A Minimum Wage Raise for Federal Contractors Won't Change That Much

In his State of the Union address, President Obama said he wasn’t going to wait for Congress to raise the federal minimum wage and promised to issue an executive order requiring government contractors pay their workers at least $10.10 an hour. “If you cook our troops’ meals or wash their dishes, you should not have to live in poverty,” the president said last night. Before the applause could barely die down, he went on to acknowledge tacitly that his own actions were limited in scope: “Of course to reach millions more,” Obama added, “Congress does need to get on board.”

So just how many workers will his executive order effect? Nailing that down isn’t possible, because the government doesn’t collect data on federal contract workers. The White House says it includes “military base workers who wash dishes, serve food, and do laundry” as well as janitors and construction workers. Valerie Jarrett, a senior adviser to Obama, told Bloomberg TV yesterday that “a couple hundred thousand” workers could benefit. Amy Traub, a senior policy analyst at the progressive think tank Demos, similarly estimates it could be “a few hundred thousand.”

But that figure sounds “extraordinarily high” to Kevin Brancato, a senior defense analyst with Bloomberg Government, because most workers employed by government contractors already earn more. Service and construction contracts are governed by two specific laws—the Service Contracting Act and the Davis-Bacon Act—that require the government to pay at least the prevailing wages in any given area. Near Washington, D.C., for instance, an area home to many government contractors, the only job categories with official prevailing hourly wages below $10.10 are related to laundry ($9.88) and waitressing ($9.70). Brancato says the two laws also require contractors to honor existing union contracts. “You better believe the union level is higher” than the prevailing wage,” he says.

At the same time, Brancato is dubious of House Speaker John Boehner’s estimate that “close to zero” people will benefit. The impact of the executive order will be greatest in the middle of the country, where prevailing wages are lower. In the Kentucky county where the Army’s Fort Campbell is located, for example, the going rate for many more jobs fall below $10.10, including couriers ($9.22), janitors ($9.95), and cashiers ($7.88). Near the Fort Hood military base in Texas, the prevailing wages for food service workers ($8.27), dishwashers ($7.36), and landscaping pruners ($9.19) are all below the $10.10 threshold.

There are some exclusions to the executive order. It doesn’t include procurement contracts for such things as Army uniforms, whose manufacturers aren’t required to pay prevailing wages.
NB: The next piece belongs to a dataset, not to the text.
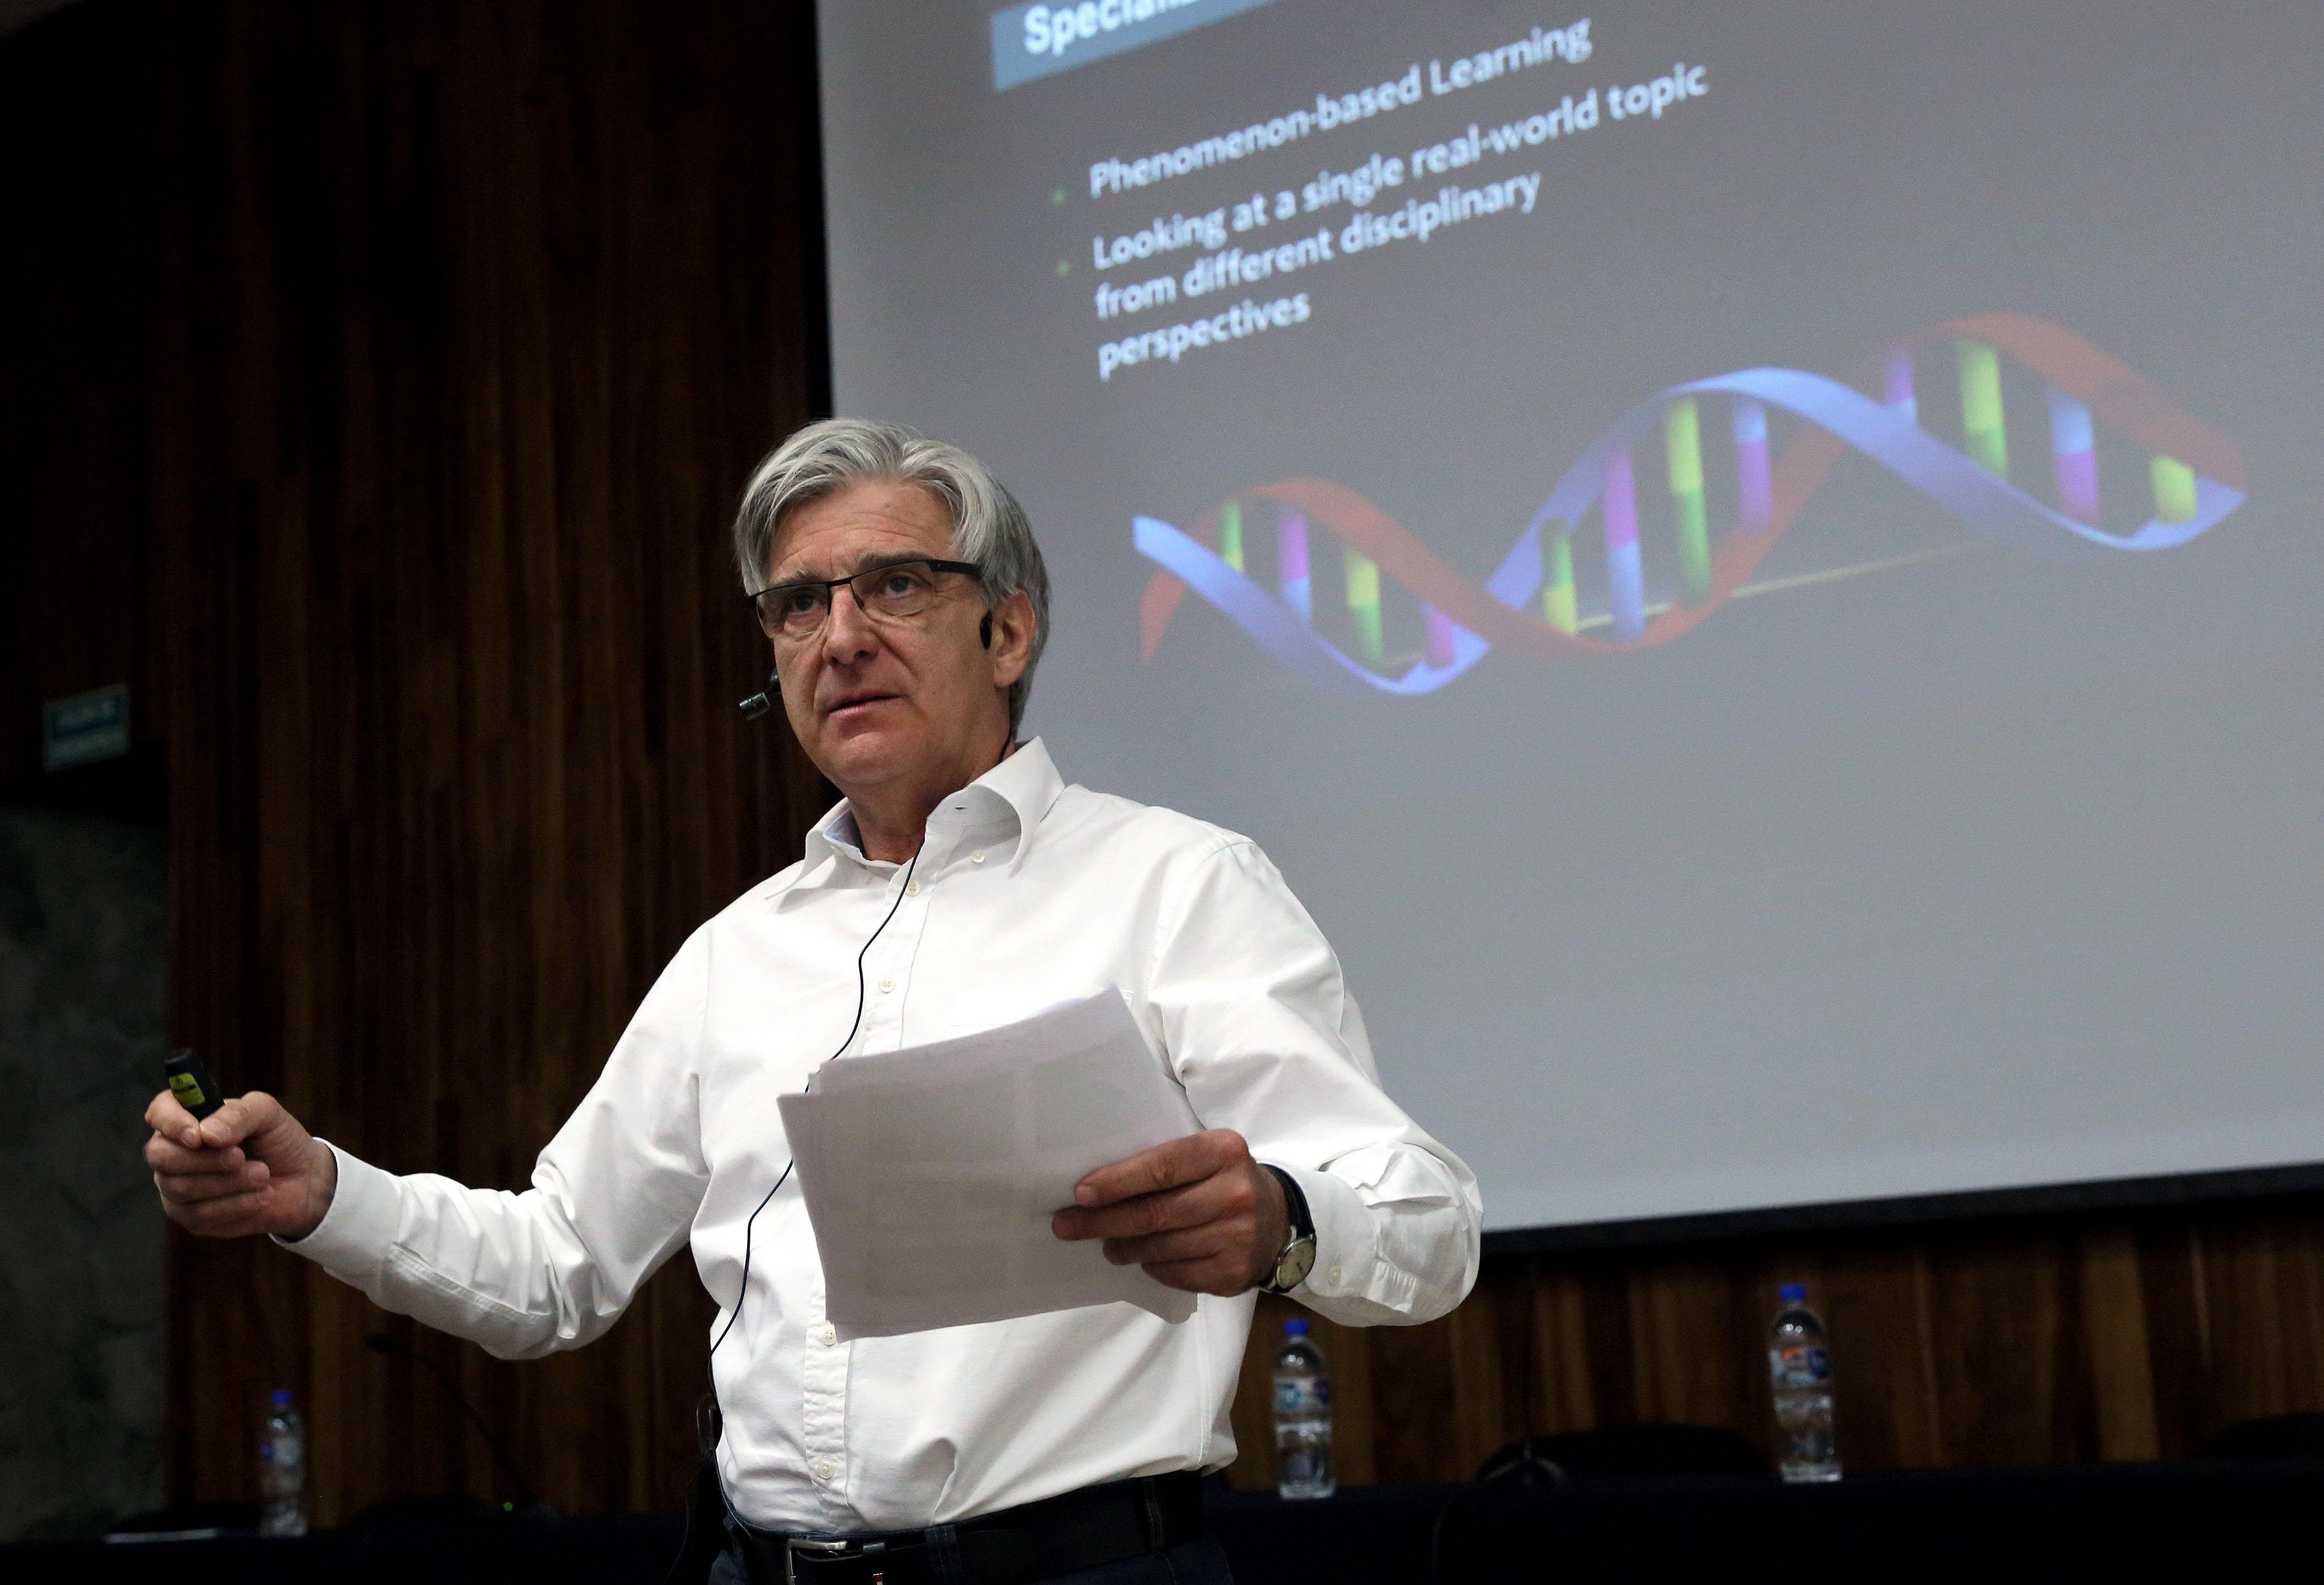 """El doctor David Marsh, profesor de la Universidad de Jyväskylä, en Finlandia; dictando su conferencia  """"Shaping tomorrow: new horizons in English language teaching""""."""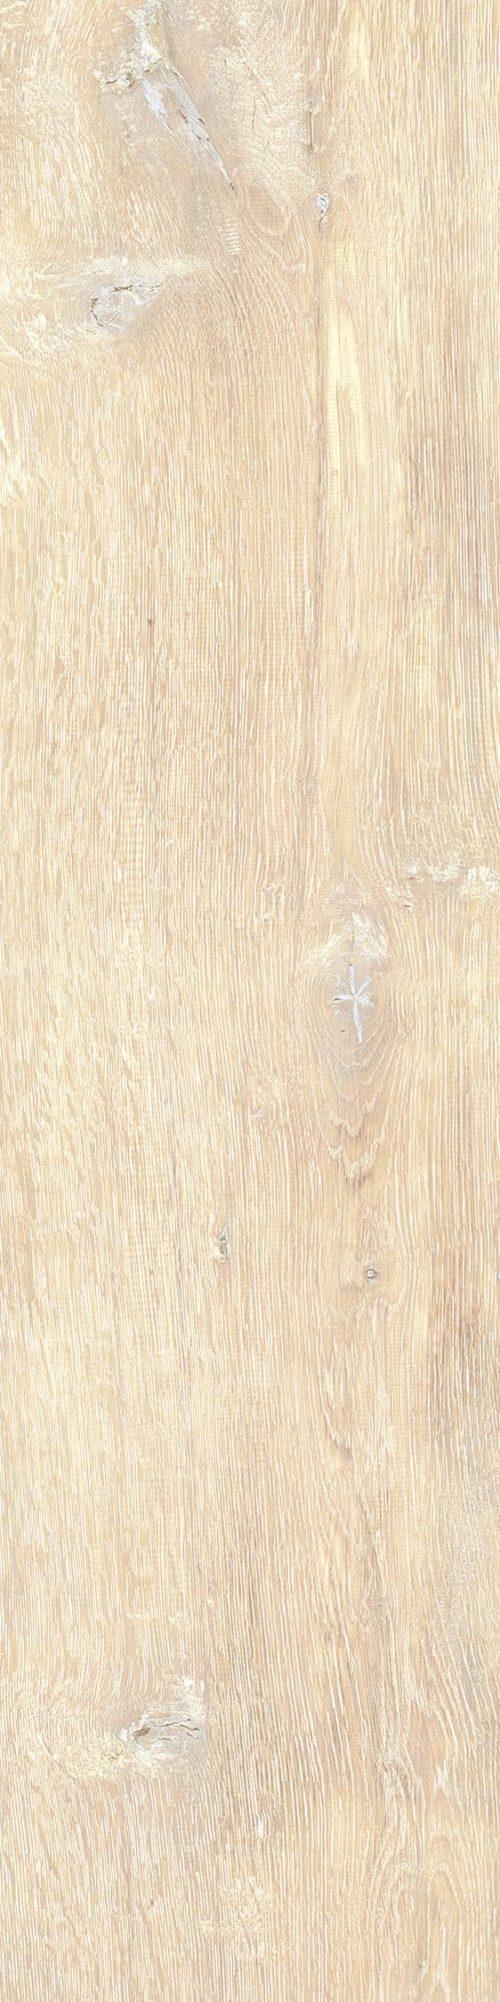 Керамогранит Italon «NL-Wood» Vanilla (Новая Упаковка) натуральный (22.5Х90 см)

It’s not clear whether concession agreements to operate at federal sites are included; concessionaires aren’t required to pay the prevailing wage, either, which has led to situations such as the strikes last year by workers at McDonald’s outlets inside Smithsonian museums over hourly wages just above the city’s minimum of $8.25.

If concessions are covered under the executive order, that could give a big boost to the number of workers who may see a meaningful raise. Traub says that Demos has heard from the White House that concession agreements would be included, but there’s no mention of them in the White House fact sheet for reporters. The White House hasn’t yet responded to a request to clarify this point.

Regardless, the executive order doesn’t mean that thousands of people will immediately get a raise. The White House says the new minimum wage will be a requirement on future contracts and won’t retroactively effect existing agreements. Some contracts could be due next week, but others may not be renewed for year. For proponents of a higher minimum wage, such as Traub, who said she’s “celebrating” the order, that’s still better than nothing. “People should get a raise right away,” she said, “but it will take time.”